The Ethiopian and Eritrean staple is often freshly ground from chickpeas and spices. But for home cooks, there’s a shortcut.
It can be easily argued that Ethiopian and Eritrean cuisines contain some of the greatest vegetarian food in the world. Since so many of these dishes evolved through history in a culture whose people abstain from animal products during frequent religious fasts, the menu at your local Ethiopian restaurant is, I would guess, at least half vegetarian—with a minimum of five distinct legume preparations. Among all of these choices, one dish stands out: shiro, king of all legume dishes.
Shiro defies categorization in the Western dietary canon. If it were cold, we’d call it a dip, but served warm with a side of tangy salad and plenty of fresh injera (the spongy and fermented flatbreads found throughout Ethiopia and Eritrea), the smooth, pumpkin-colored chickpea mixture is closer to a sauce. Nourishing by necessity, yet luxurious in its smoothness and flavor, shiro is too delicious to get tired of. And like hummus and pita or peanut butter and jelly, shiro with injera is a reliable, filling meal that millions of people look forward to every day.
Most shiro made in homes and restaurants is prepared from a purchased seasoned chickpea-flour blend (sometimes including other legumes as well) that cooks in a mixture of sautéed garlic, onion, and water. For most of my life, this dry shiro mix only ever came from the suitcase of someone returning from a visit to Africa. But in actuality, it’s not that hard to find shiro powder on this side of the world. In diaspora hubs like Washington, D.C., and its suburbs, it can sometimes be found in small stores that sell fresh injera and a variety of Ethiopian and Eritrean spices. I order mine online from Oakland’s Brundo, a company that grew out of an Ethiopian restaurant and that sources its products directly from its own processing center in Ethiopia.
The process of making traditional shiro mix is a complex sequence of sprouting and seasoning dried legumes with wet and dry spices before drying and milling. But some restaurants, like Bunna Cafe in Brooklyn’s Bushwick neighborhood, are willing to take the project on. Co-owner Liyuw Ayalew tells me that the shiro at Bunna is made from split dried chickpeas sourced from the United States, which gives them more control over the freshness. The chickpeas are ground in-house, then cooked with berbere and brown cardamom from Ethiopia.

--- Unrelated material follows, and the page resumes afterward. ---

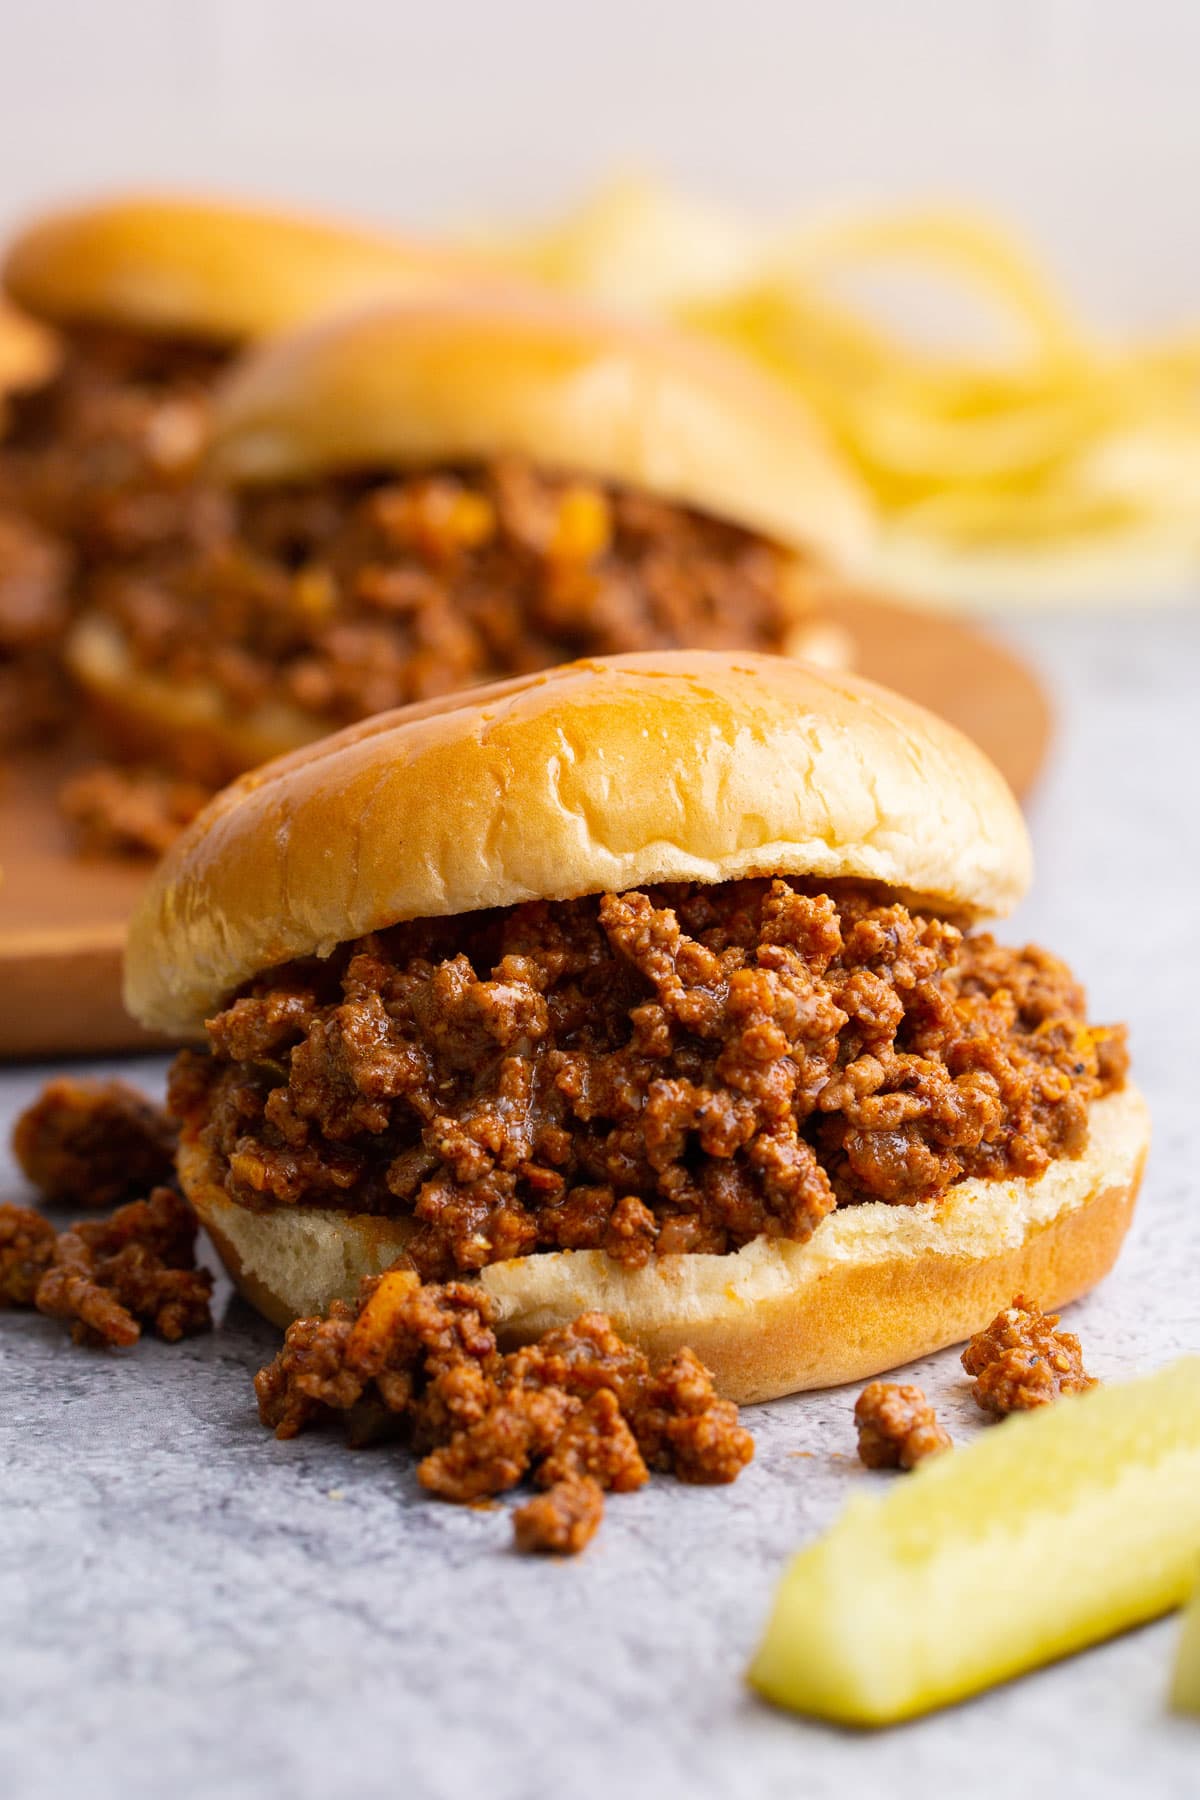 Several homemade Sloppy Joes sandwiches with pickle spears and potato chips.
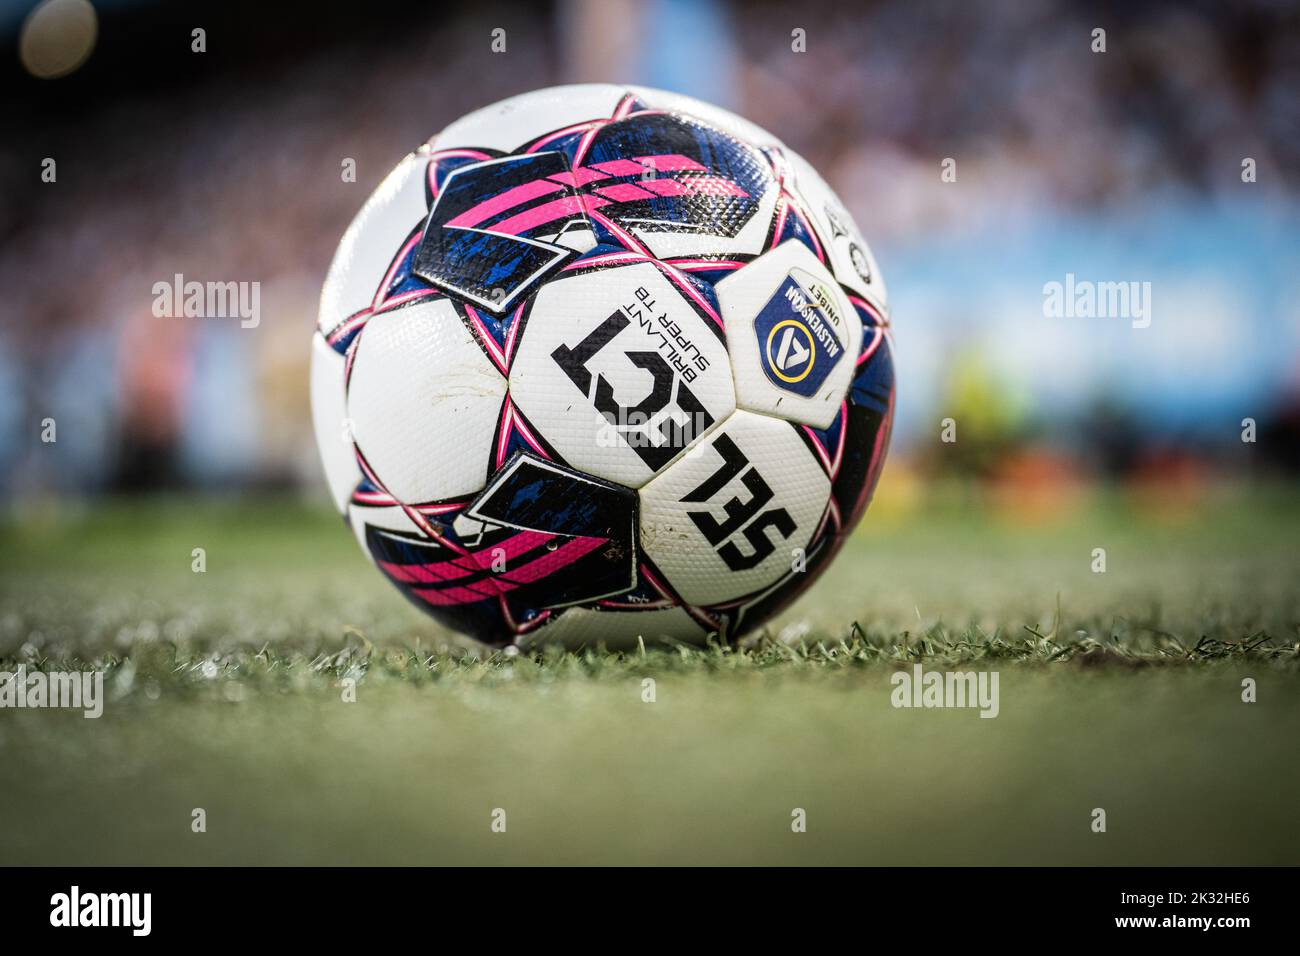 Malmoe, Sweden. 18th, August 2022. The match ball from Select at the UEFA Europa League qualification match between Malmö FF and Sivasspor at Eleda Stadion in Malmö. (Photo credit: Gonzales Photo - Joe Miller). Stock Photo

It never crossed my mind to make shiro at home until I picked up Yohanis Gebreyesus’s cookbook, Ethiopia: Recipes and Traditions From the Horn of Africa. Gebreyesus’s method calls for lightly roasting regular chickpea flour in a dry pan before blending with berbere and freshly ground cardamom, nigella, and ajwain (aka bishop’s weed, white cumin, or netch azmud) seeds. Over email, Gebreyesus explained that the flour is toasted in order to cook the chickpeas slightly and impart a nutty flavor.
I was skeptical, but I tried it using Brundo’s berbere and Bob’s Red Mill garbanzo flour and was pleasantly surprised by the results. It took a little more water to prepare than the imported mix, but the flavor was pretty spot-on, and even better after letting it sit for a few hours and then reheating it.
It’s hard to imagine a pantry stocked with berbere, nigella, and ajwain that wouldn’t also have shiro powder, but it’s a good trick to have in your back pocket. If I were to make it from chickpea flour again, I’d probably add some grated tomato to the frying aromatics for a little extra moisture and sweetness.
The biggest difference I have found among shiro powders is the amount of salt, which can range from none to an aggressive amount. You can taste the powder before cooking. If it seems underseasoned, add a pinch of salt when you add the shiro to the pot; otherwise wait until it’s almost done cooking and season to taste at the same time you add the clarified butter. It is common to omit the butter at the end to keep this dish vegan.
While it cooks, shiro tends to both stick and splatter, so don’t leave a pot unattended for long, and cook on the lowest flame you can achieve. As it thickens, the mixture will want to scorch at the bottom, so stir often and shield yourself with the lid while you do so. Also, if it’s your first time making it, err on the side of a longer cook time. Undercooked shiro has the same gritty quality as undercooked beans. At Bunna Cafe, Ayalew emphasizes that “the longer it cooks, the better.” Smooth shiro is the name of the game.
If you know where to get fresh injera, lucky you. Personally, I happily eat shiro with toasted pita or lavash, lots of chopped tomato salad in a sharp vinaigrette, and plenty of raw jalapeño.